#### [AVAILABLE DATA]
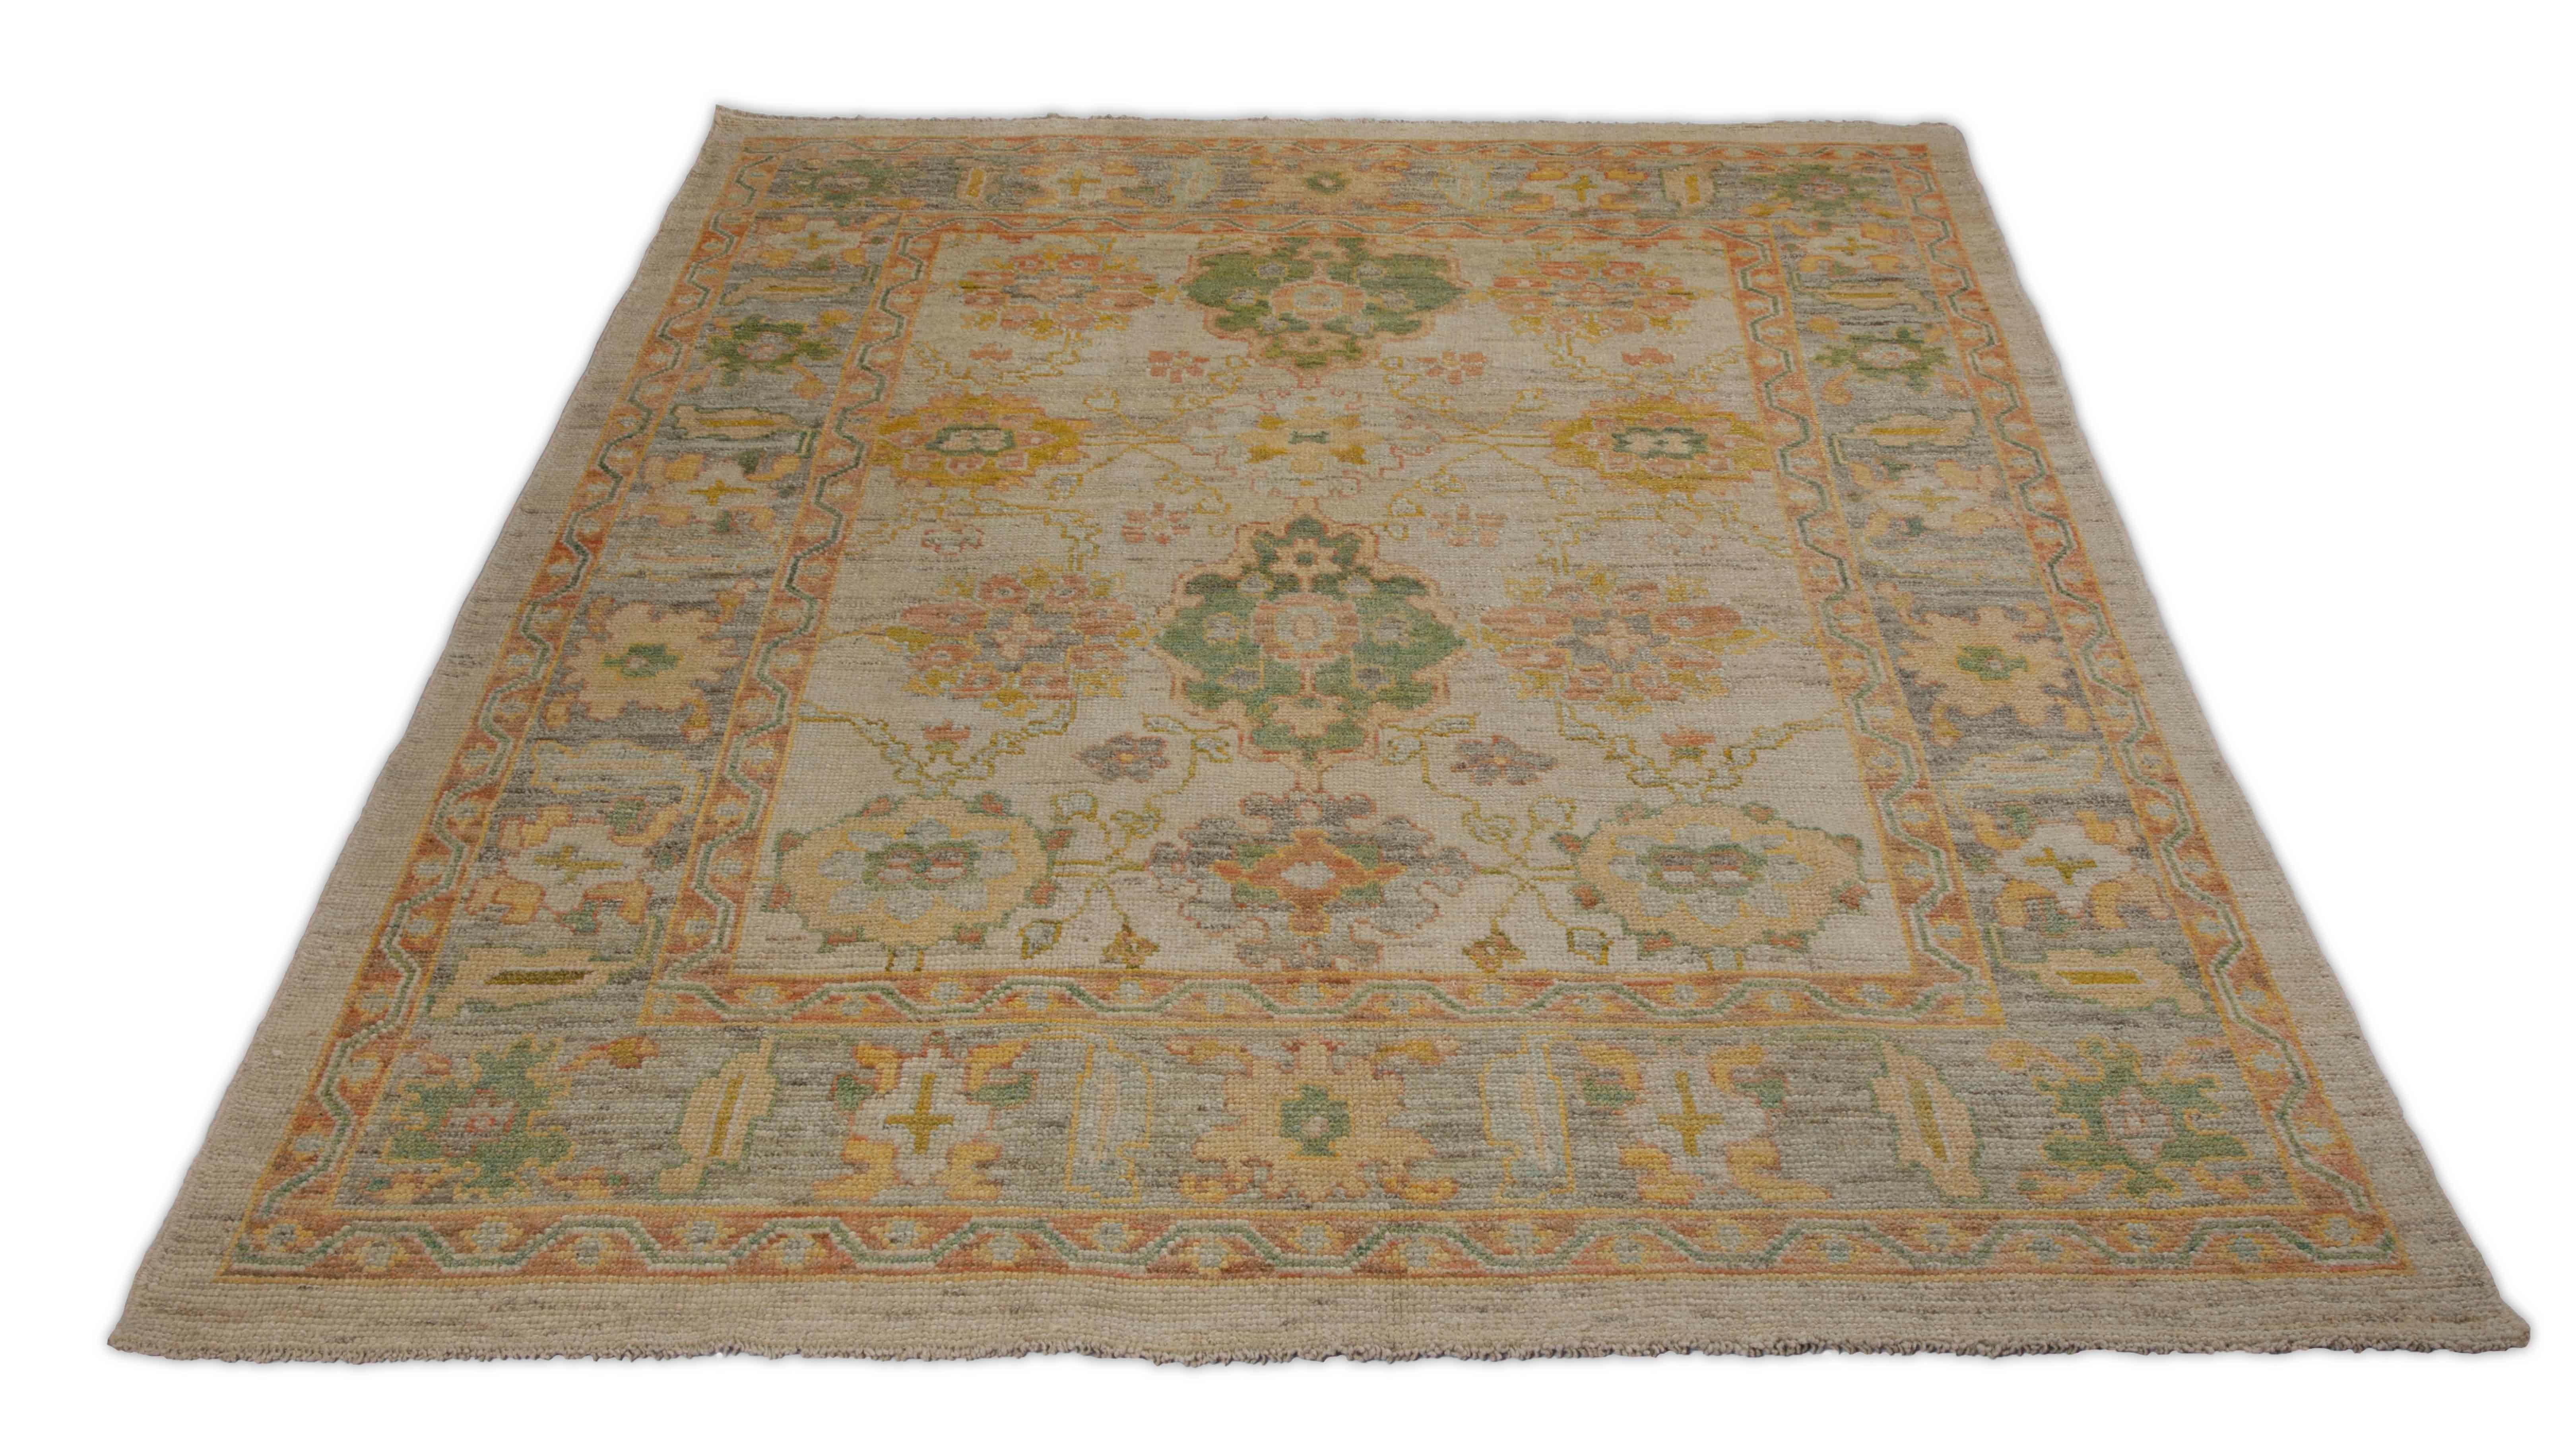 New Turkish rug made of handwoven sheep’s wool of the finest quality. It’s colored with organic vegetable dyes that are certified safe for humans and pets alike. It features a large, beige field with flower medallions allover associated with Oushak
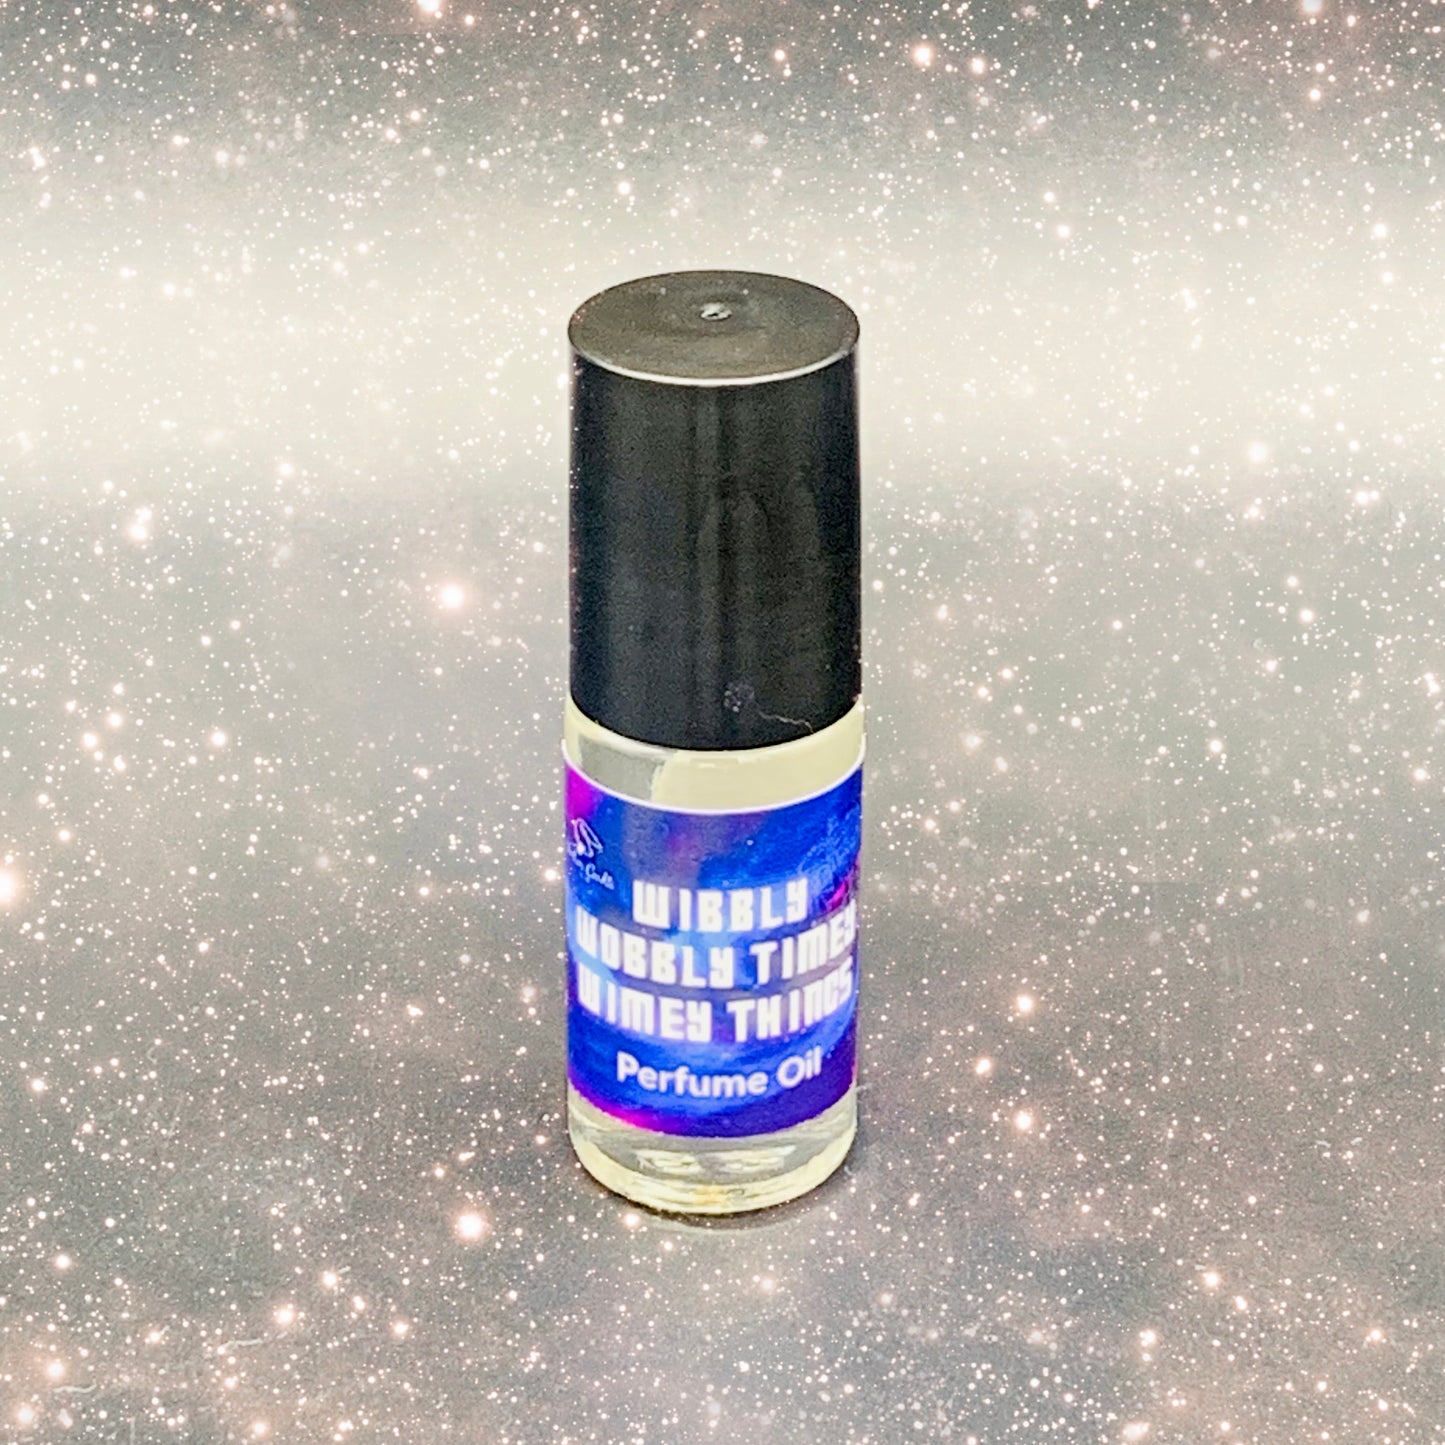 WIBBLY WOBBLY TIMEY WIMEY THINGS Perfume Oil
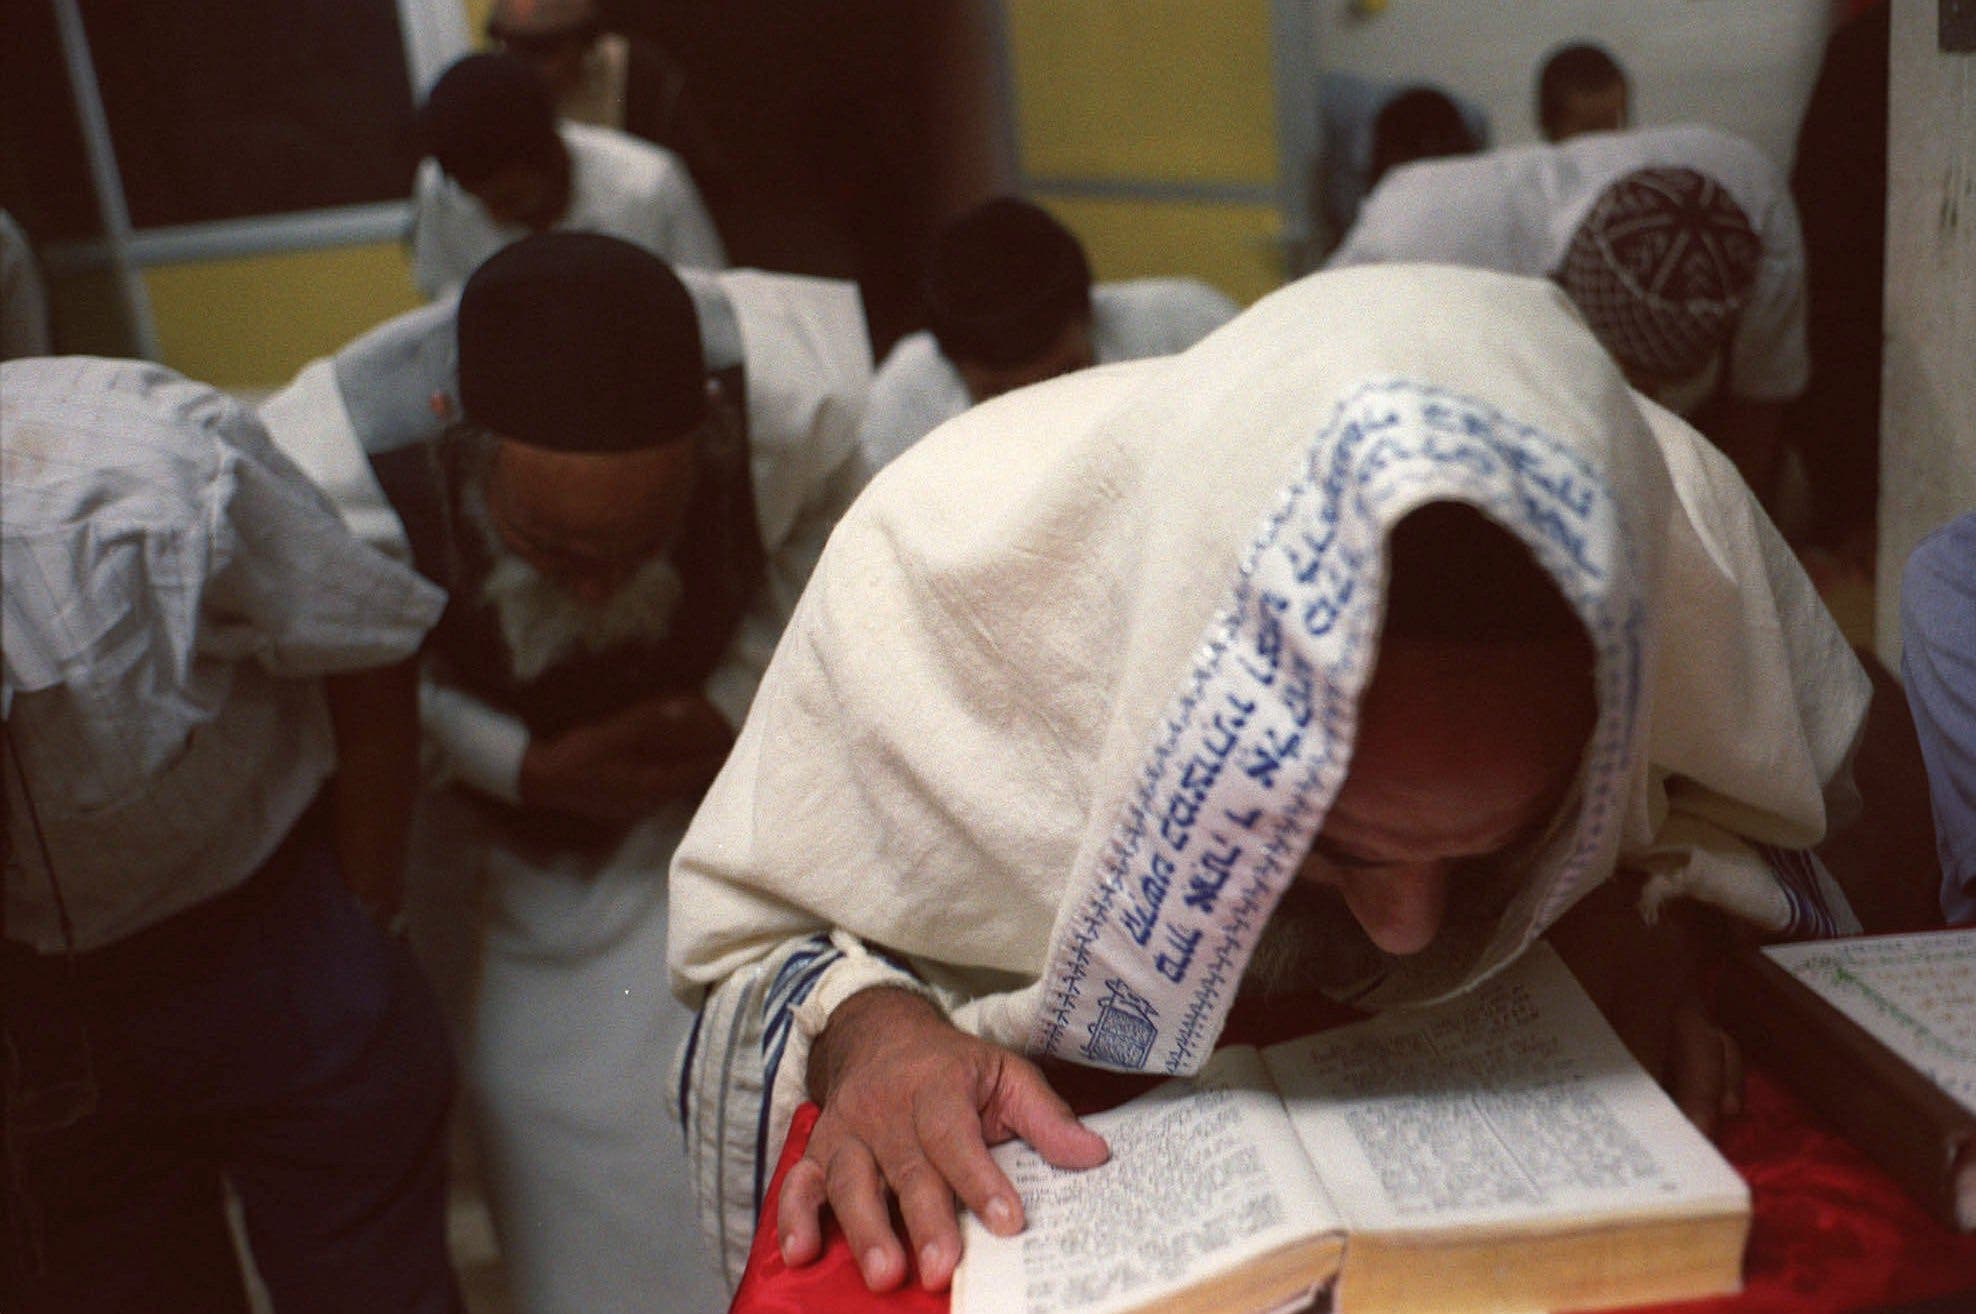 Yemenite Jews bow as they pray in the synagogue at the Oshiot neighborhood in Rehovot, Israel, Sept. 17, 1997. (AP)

#### [REQUIRED ACTION]
Quote, please, every line of the material above from its start through the line that has "WIBBLY WOBBLY TIMEY WIMEY THINGS Perfume Oil", reproducing the words exactly and dropping any images.

#### [TASK RESULT]
 New Turkish rug made of handwoven sheep’s wool of the finest quality. It’s colored with organic vegetable dyes that are certified safe for humans and pets alike. It features a large, beige field with flower medallions allover associated with Oushak
 WIBBLY WOBBLY TIMEY WIMEY THINGS Perfume Oil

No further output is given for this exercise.